The court traced the history of this claim carefully. The construction of buildings N and P was always premised on the builder’s belief that the land surrendered for the DP road measured 2,200 sq. mtrs — which would have generated sufficient FSI for four additional buildings, L, M, N, and P. However, when the actual area surrendered was determined to be only 1,859 sq. mtrs, the FSI available was reduced, allowing construction of only buildings L and M. Buildings N and P could not be built.
Critically, this was not a recent discovery. MCGM had communicated this position to Kiran Builders in a letter dated April 23, 1991 — over three decades ago — explicitly stating that there was no balance FSI in lieu of the DP road and that construction of buildings N and P was not possible.
Faced with this, the builder advanced a novel argument: that it expected to receive development rights — possibly in the form of Transferable Development Rights (TDR) — when the lands reserved for the municipal market and primary school were eventually acquired by the Municipal Corporation, and that it intended to use those rights to construct buildings N and P.
The court called this argument “preposterous to the core” and dismantled it on six grounds. First, there is no certainty that the Planning Authority will ever acquire those reserved lands — if they are not acquired within the stipulated period, the land owner can invoke Section 127 of the Maharashtra Regional and Town Planning Act, 1966 and have the reservations lifted. Second, if the lands are acquired, the builder’s entitlement is to compensation — monetary or through TDR. Third, TDR, if issued through a Development Rights Certificate, is freely tradable and can be used in any other project or sold in the market — there is no obligation to use it on the subject land. Fourth, the builder retains ownership of the slum land, which can be independently redeveloped using any TDR received. Fifth, and as the court underlined most importantly, compensation received for acquired land — whether monetary or in TDR form — cannot be treated as a development potential for the land being conveyed to the societies. Once land is acquired, it is separated from the layout entirely. Sixth, the acquisitions have not happened yet, and cooperative of neighbouring landowners required for the process is absent — making the entire premise even more uncertain.
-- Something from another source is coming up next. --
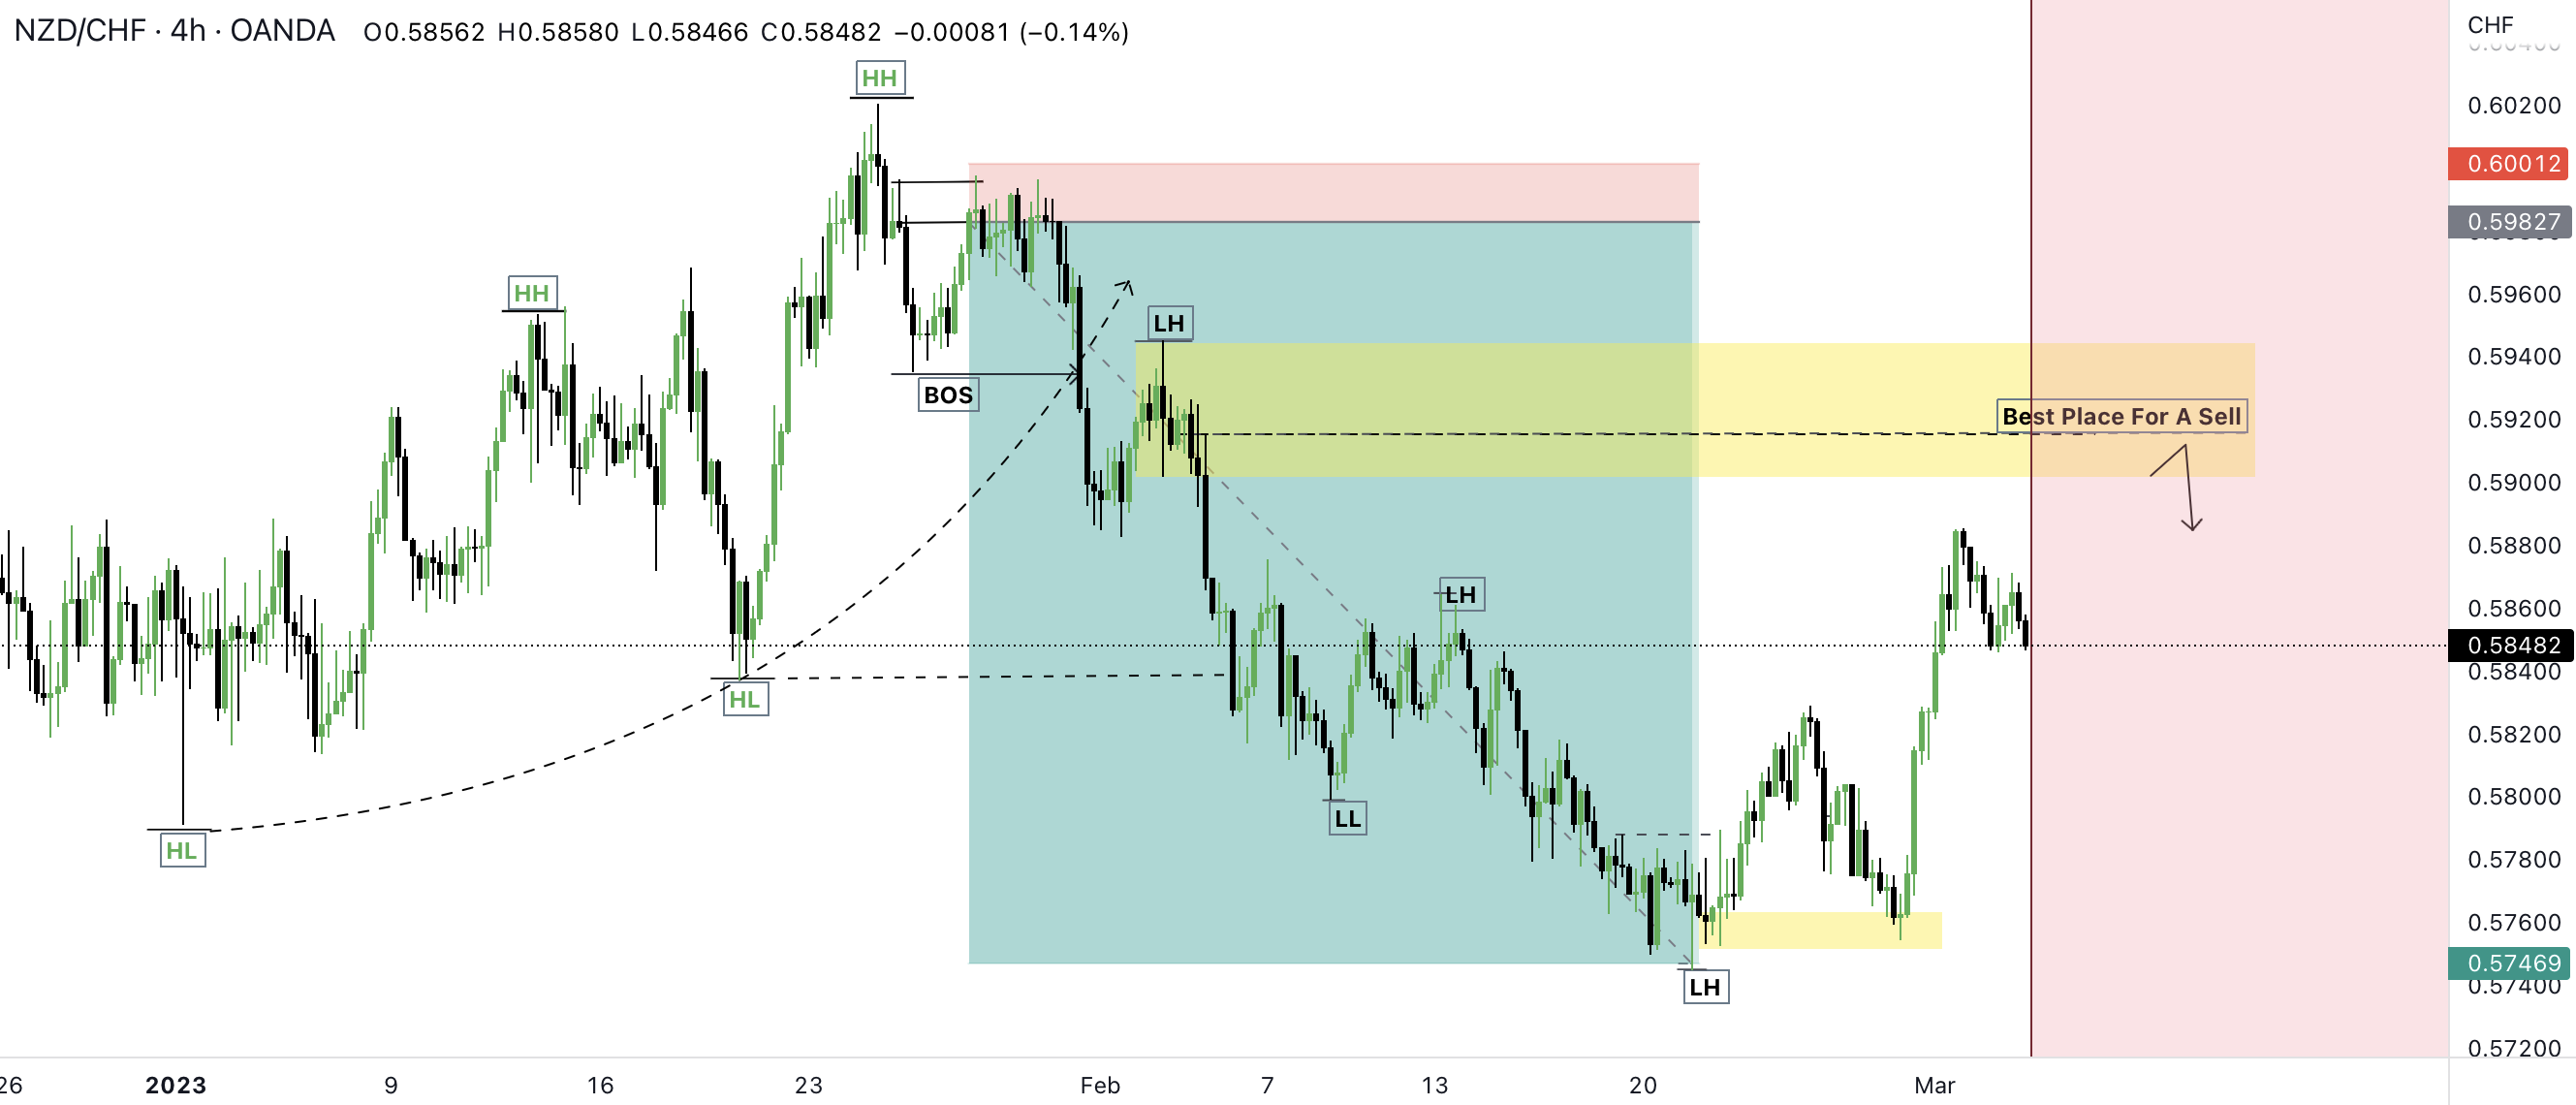 NZDCHF Next Opportunity For This Pair

The court also invoked the settled legal position established by the Division Bench of the Bombay High Court in Lakeview Developers vs. Eternia Co-operative Housing Society Ltd. (2015), which held that a developer cannot exploit building potential for eternity without conveying land to the society. Once the full development potential is exhausted and the obligation to convey has arisen, any future FSI or TDR that may become available cannot be used to justify withholding conveyance. This principle was reiterated in Rajkumar Gulati and Ors. vs. S.D. Corporation Pvt. Ltd. and Ors. (2025).
The Court’s Order
Justice Marne held that the Competent Authority was fully justified in exercising jurisdiction under Section 11 of MOFA and granting deemed conveyance. The petition by Kiran Builders was partly allowed — but only to the extent of correcting the area of land to be conveyed.
The order dated May 15, 2017 passed by the Competent Authority, along with the certificate of unilateral deemed conveyance issued in pursuance thereof, was set aside. The matter was remanded to the Competent Authority with a direction to issue a fresh certificate of unilateral deemed conveyance in respect of land admeasuring 16,584.55 sq. mtrs in favour of the three societies — within three months. Parties were directed to appear before the Competent Authority on June 24, 2026.
The occupancy certificates for the buildings of Respondent No. 1 Society were issued in the 1970s. Those of Respondent Nos. 2 and 3 followed in November 1990. The court noted that the builder had already delayed performance of its statutory obligation for an extraordinary length of time. No costs were awarded.